### Exercise description
In the records below, find the line with "Defibrillator - Wall Cabinet", then retype it and every following line exactly, stopping after the line with "117g Thunder Bay". Leave the pictures out.

### Data shown
------------------------------------------------------------------------

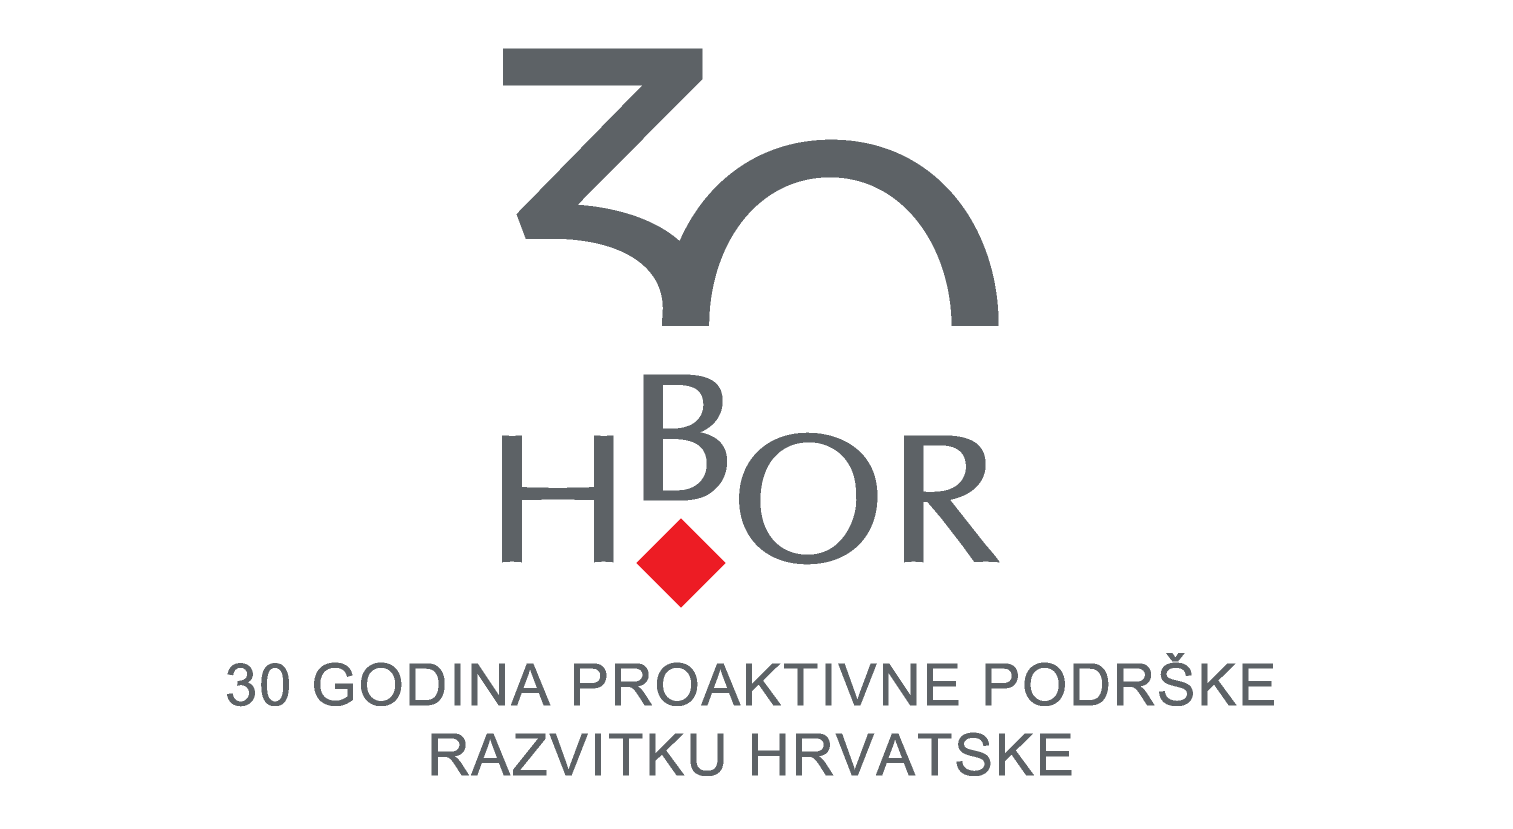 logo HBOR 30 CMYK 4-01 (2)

------------------------------------------------------------------------

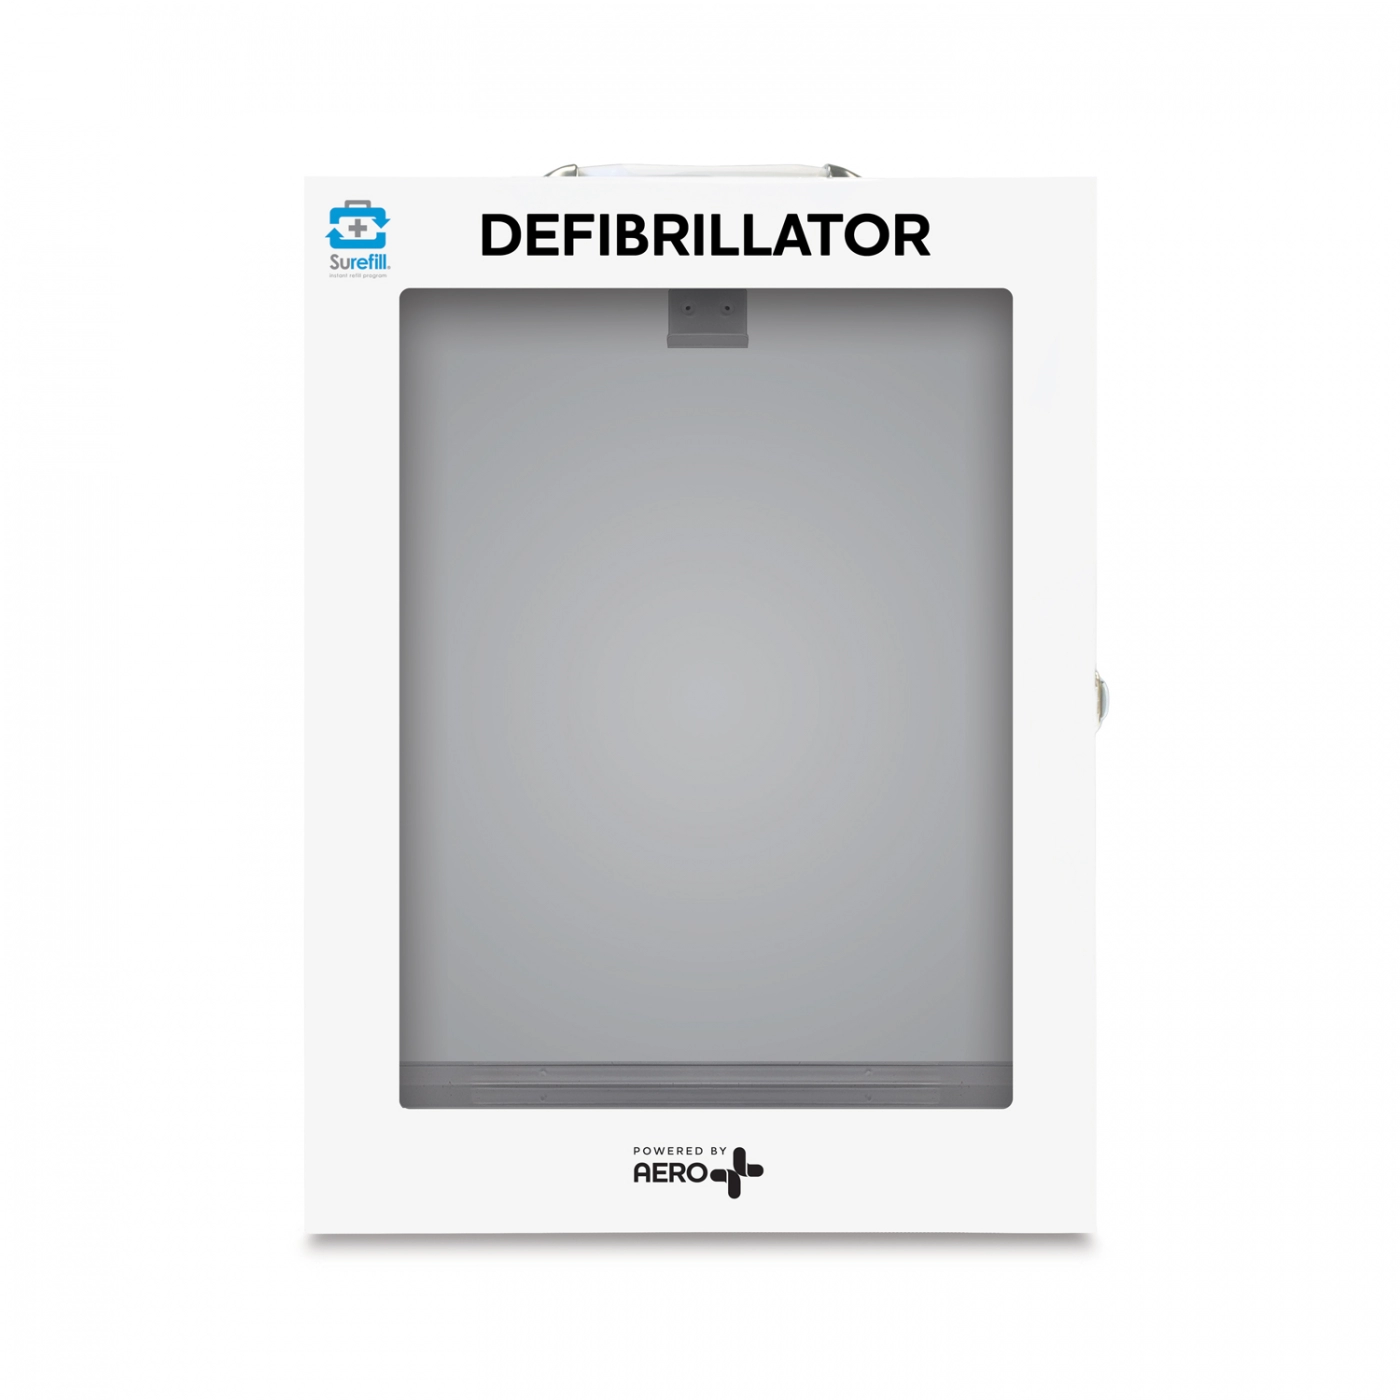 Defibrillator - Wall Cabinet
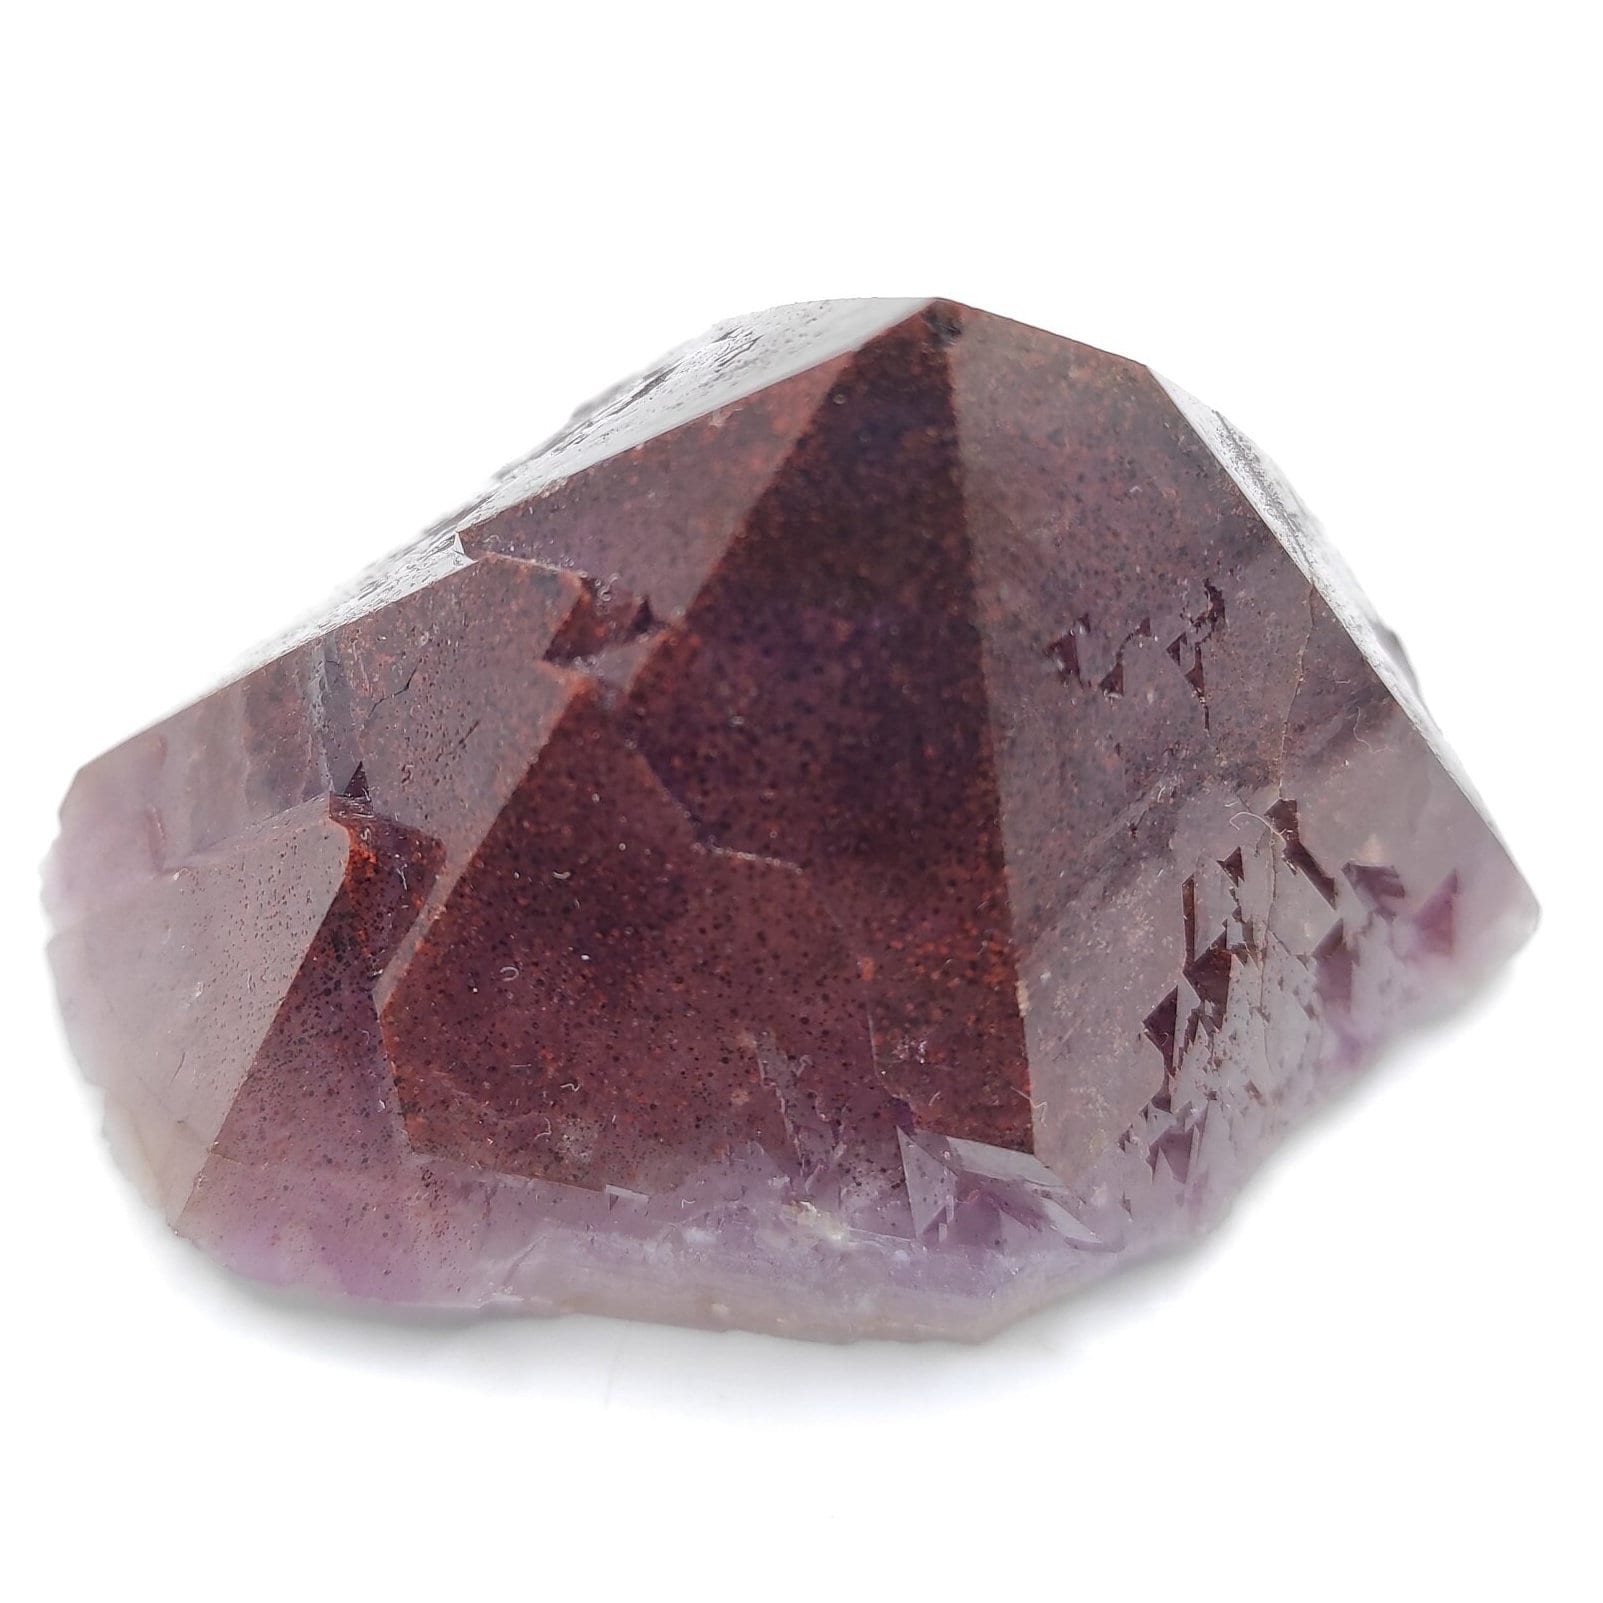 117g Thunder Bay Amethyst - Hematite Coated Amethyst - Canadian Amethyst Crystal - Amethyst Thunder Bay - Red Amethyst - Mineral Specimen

------------------------------------------------------------------------

### Completed task
 Defibrillator - Wall Cabinet
 117g Thunder Bay Amethyst - Hematite Coated Amethyst - Canadian Amethyst Crystal - Amethyst Thunder Bay - Red Amethyst - Mineral Specimen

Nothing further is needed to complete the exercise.